= What is required =
Your answer must be an exact copy of the listing that follows, with all pictures omitted.
----------
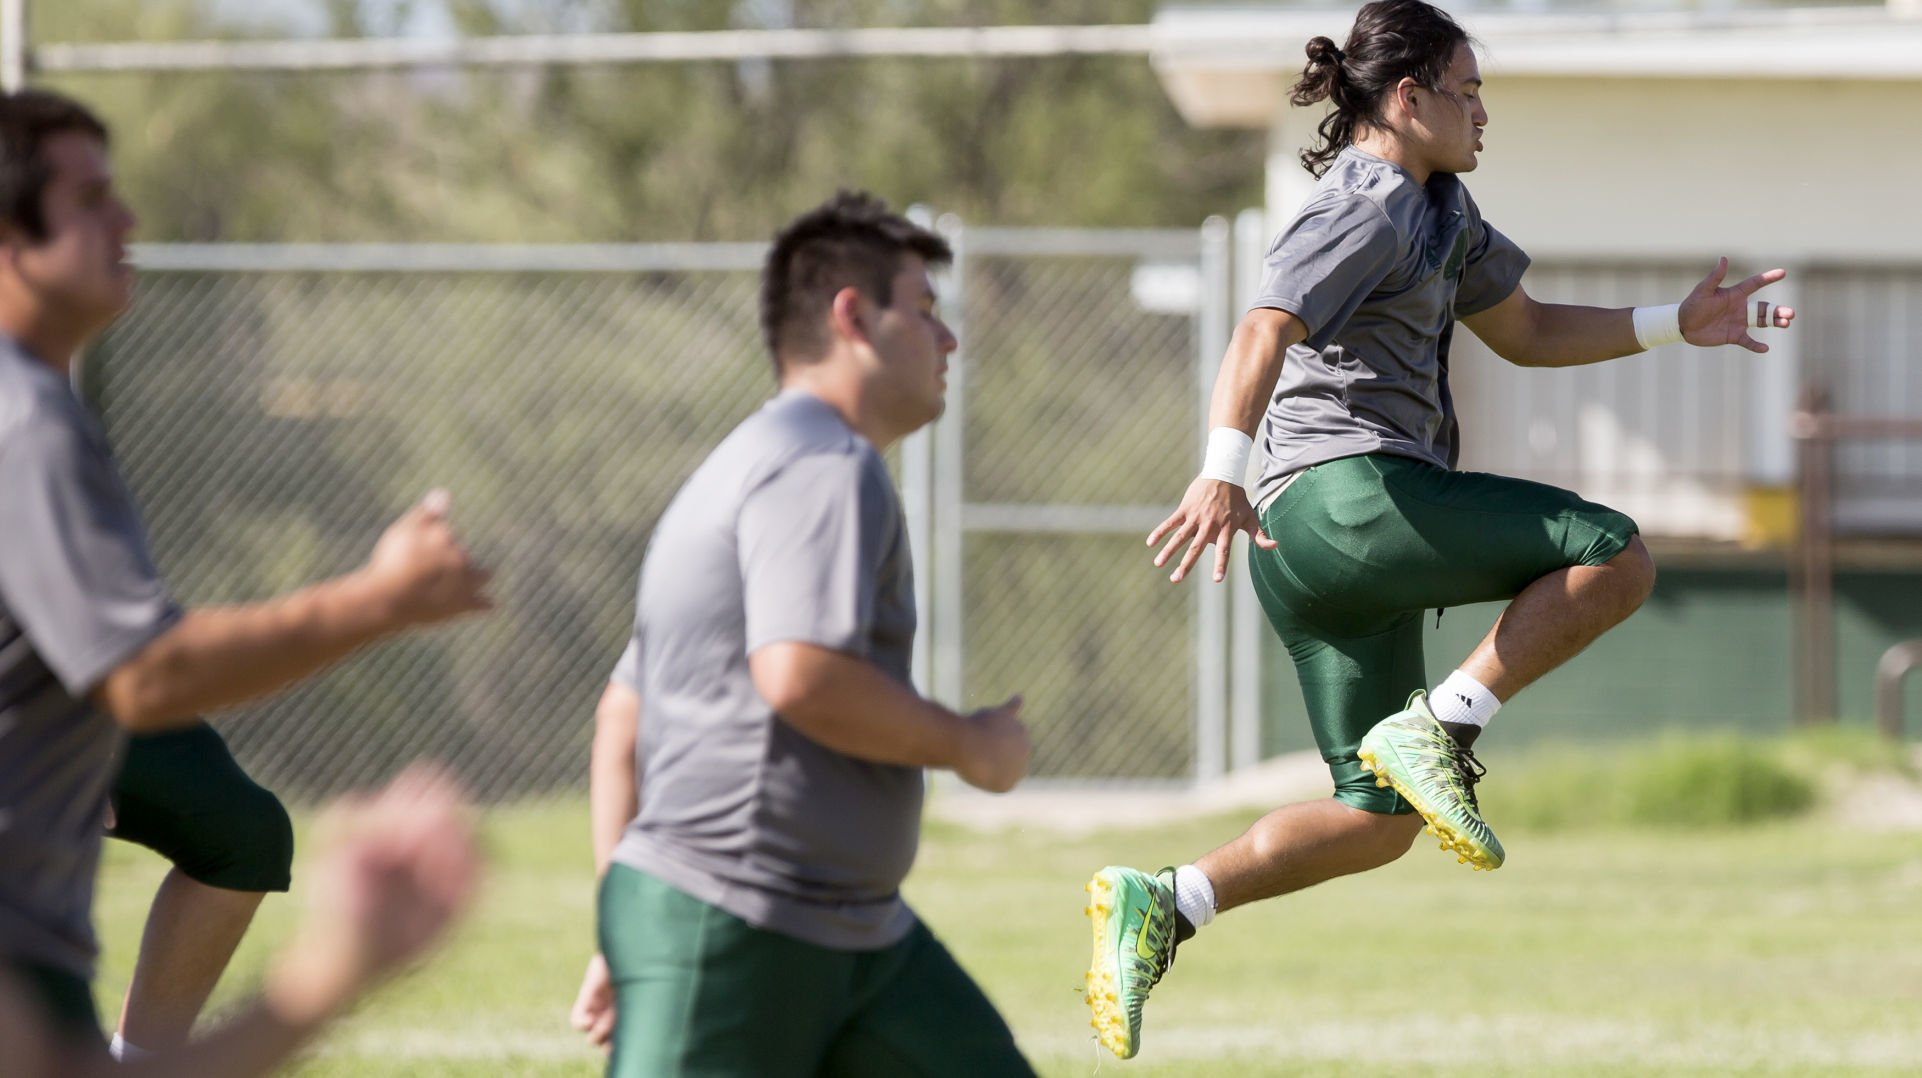 Canyon del Oro's versatile Gavin Davis ready to face former teammates, coaches from Pusch Ridge Christian
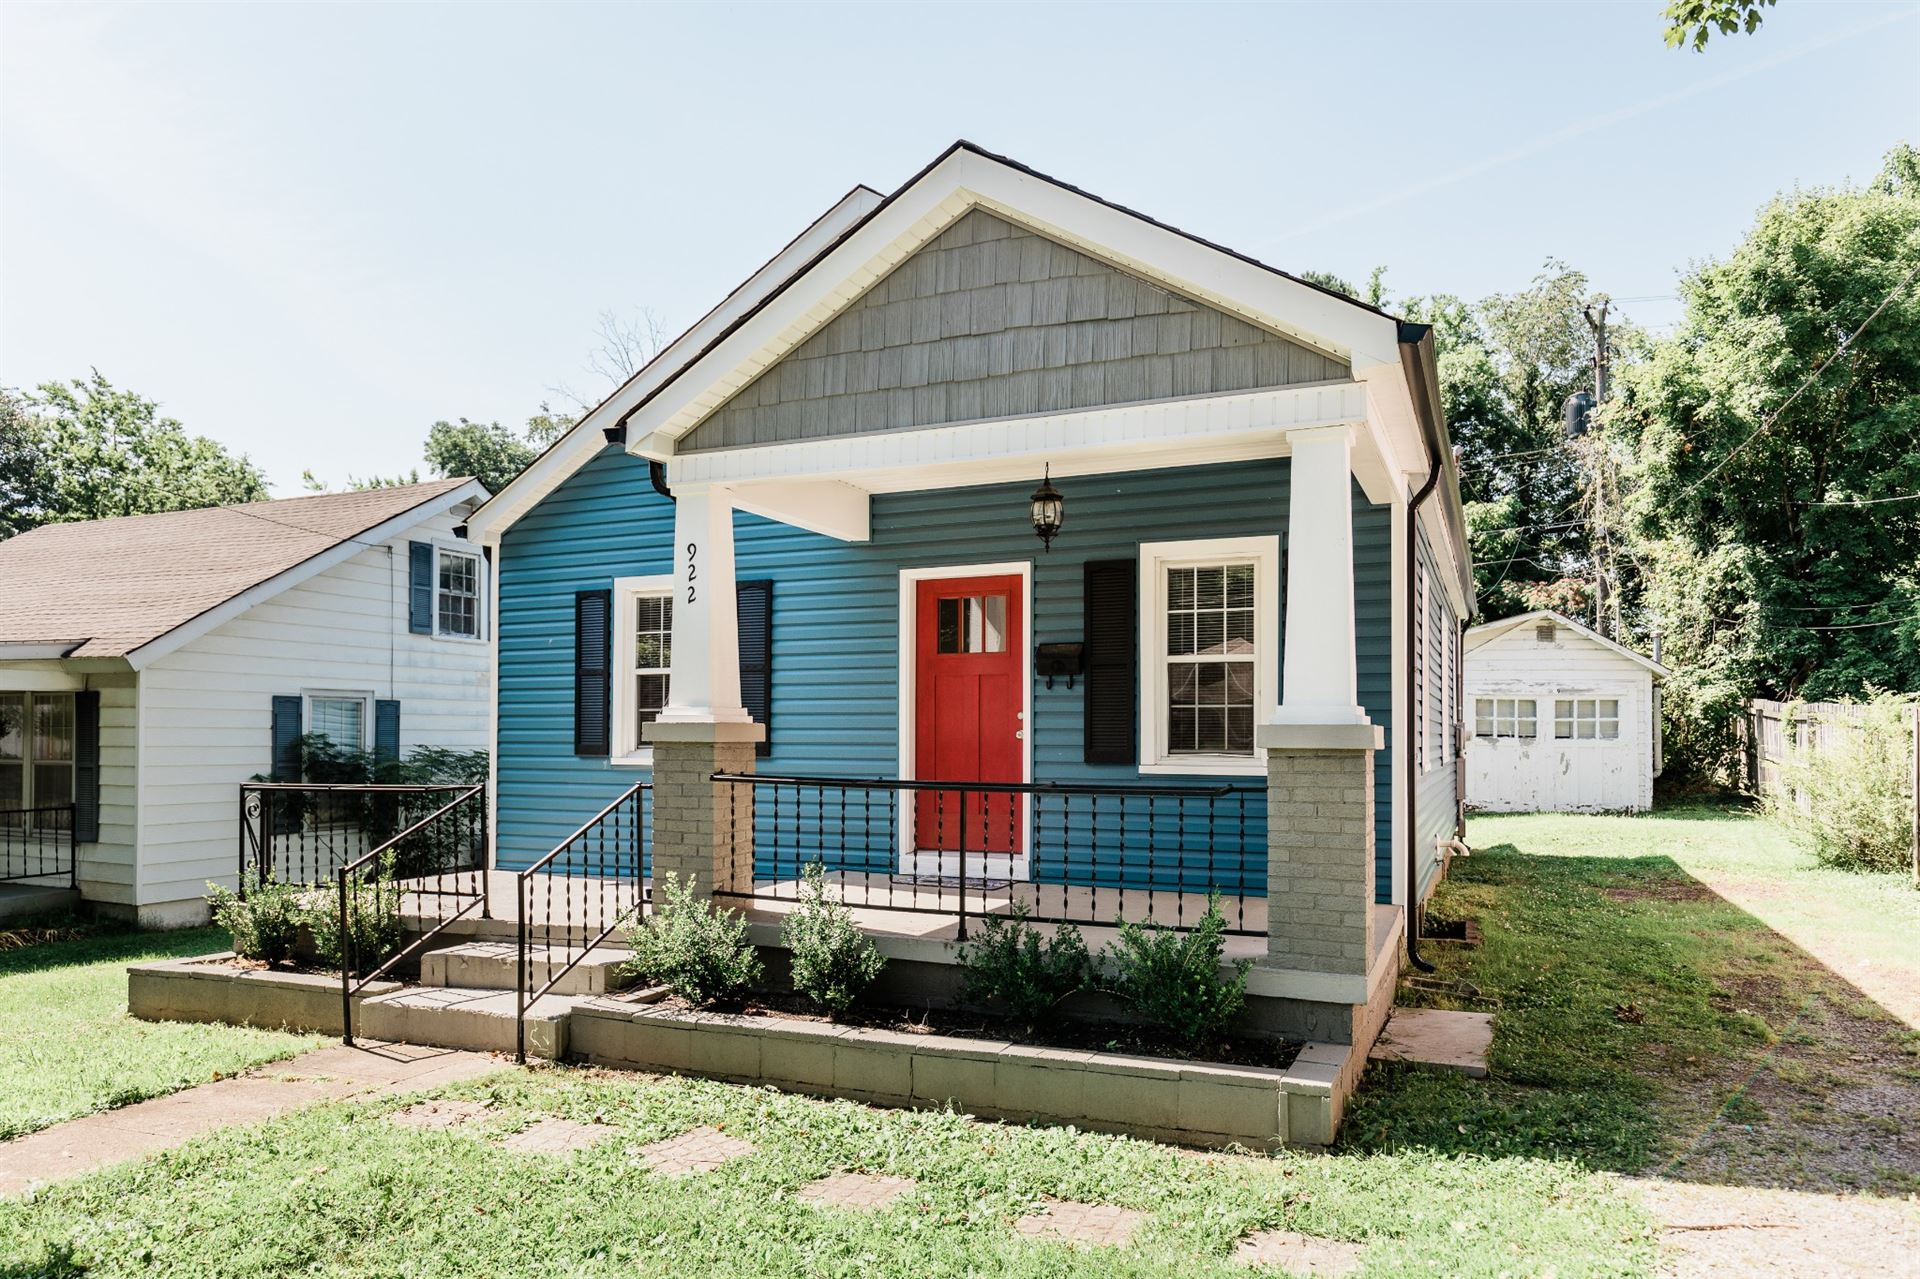 922 Crossland Ave, Clarksville, TN 37040 - MLS#: 2264134
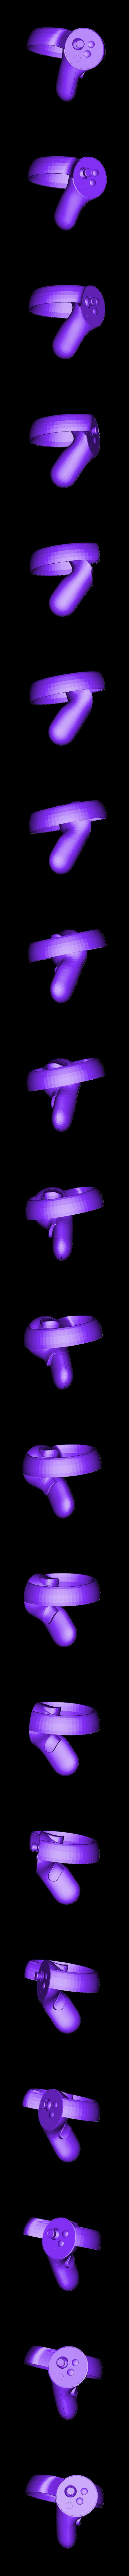 CV1_Whole.stl Download free STL file Oculus Rift Controller • Model to 3D print, indigo4
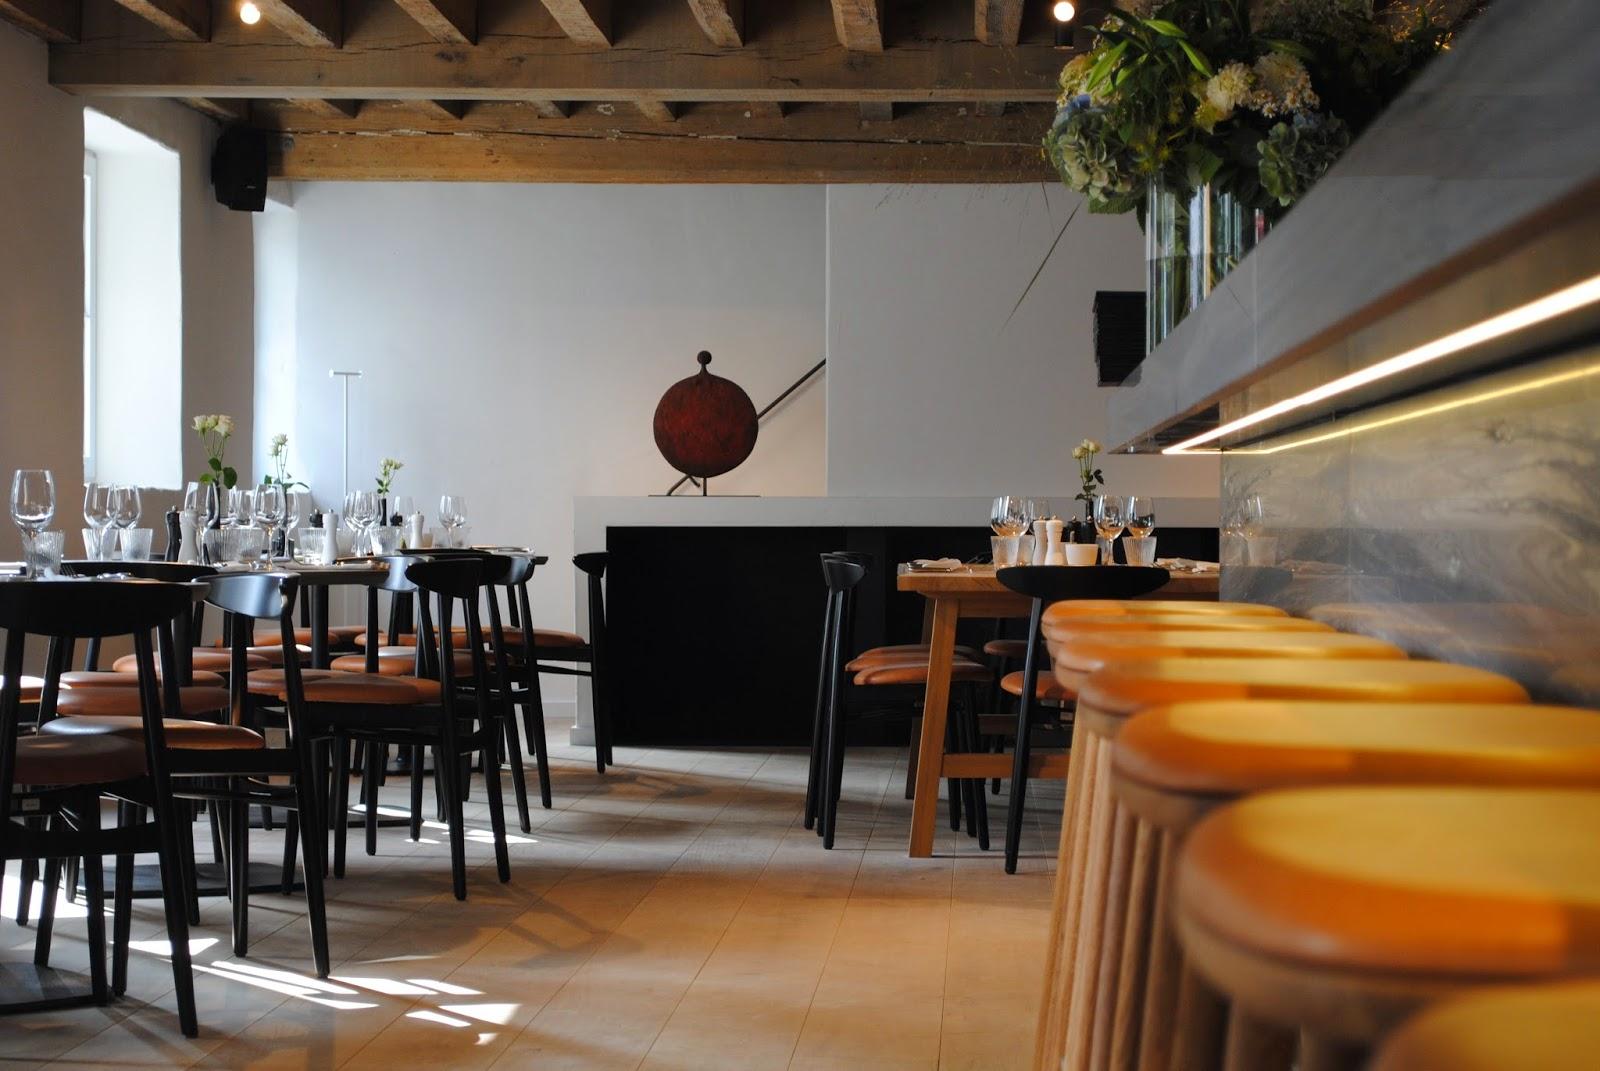 Brasserie m n 39 t eilandje antwerpen for Interieur antwerpen
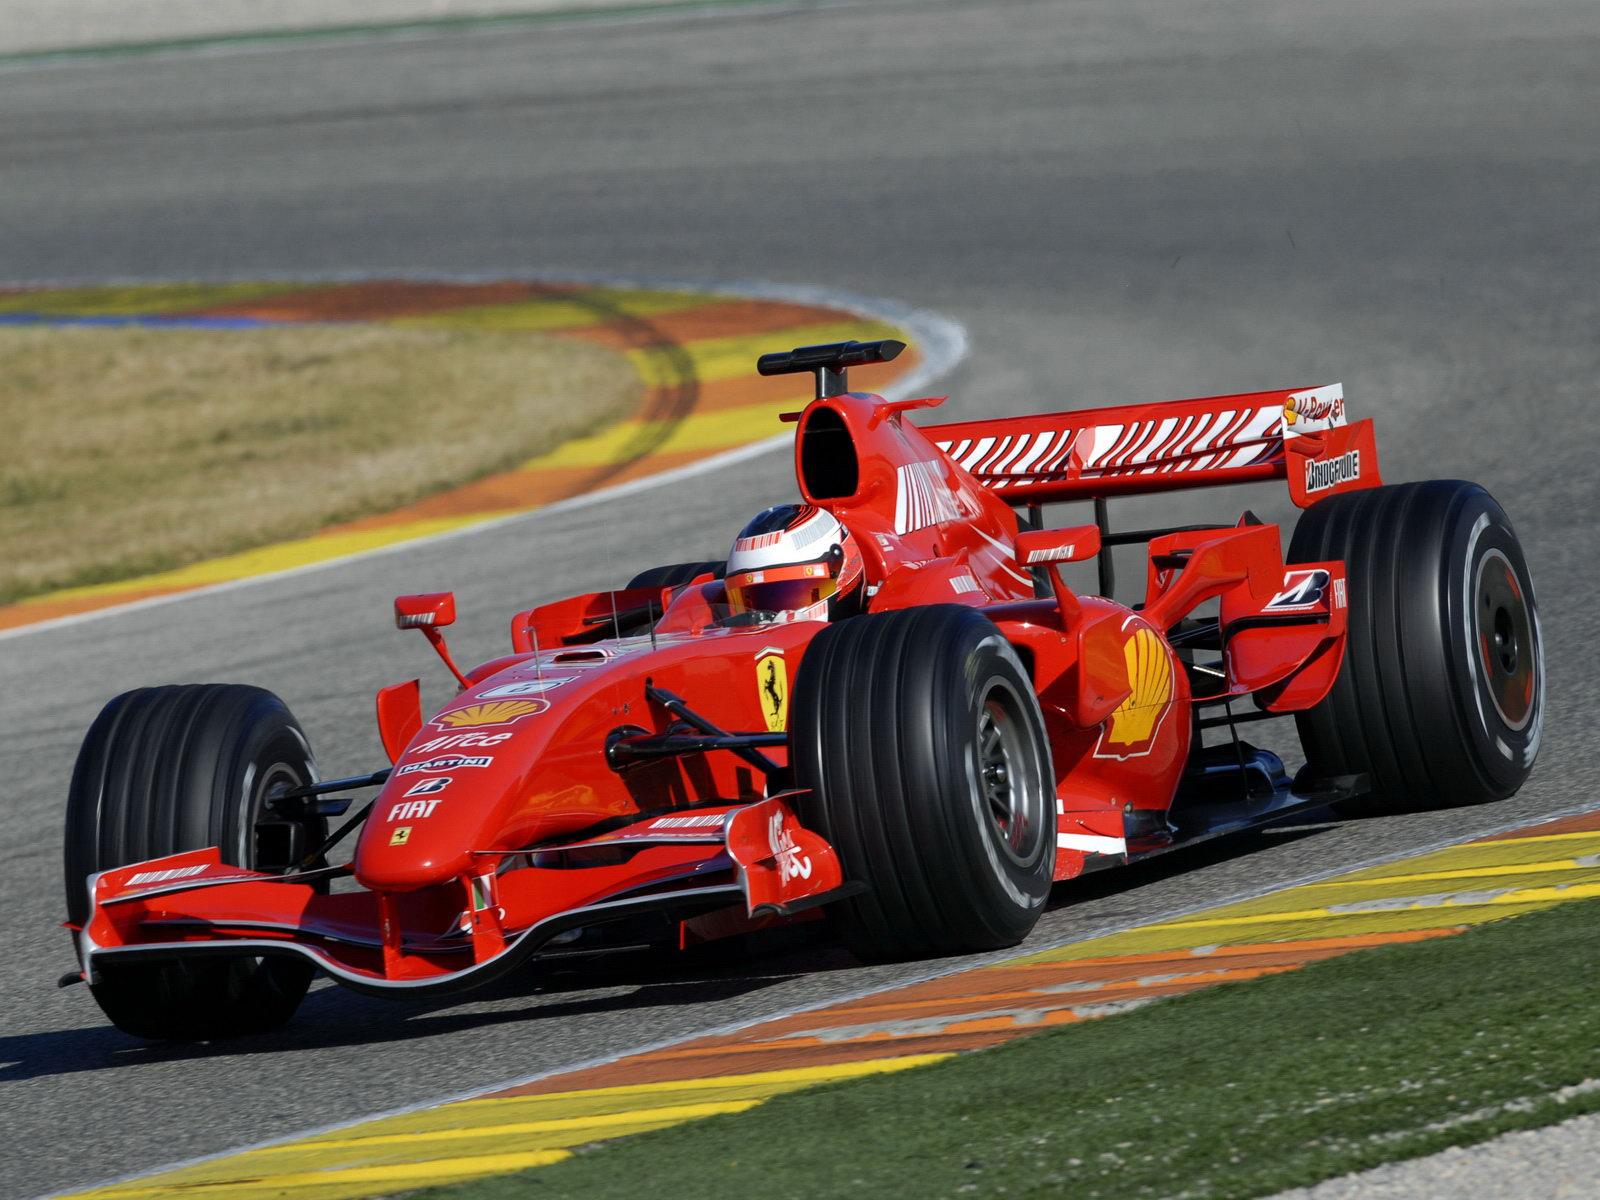 Ferrari F2007 Photos Photogallery With 8 Pics Carsbase Com
----------
= Task response =
 Canyon del Oro's versatile Gavin Davis ready to face former teammates, coaches from Pusch Ridge Christian
 922 Crossland Ave, Clarksville, TN 37040 - MLS#: 2264134
 CV1_Whole.stl Download free STL file Oculus Rift Controller • Model to 3D print, indigo4
 Brasserie m n 39 t eilandje antwerpen for Interieur antwerpen
 Ferrari F2007 Photos Photogallery With 8 Pics Carsbase Com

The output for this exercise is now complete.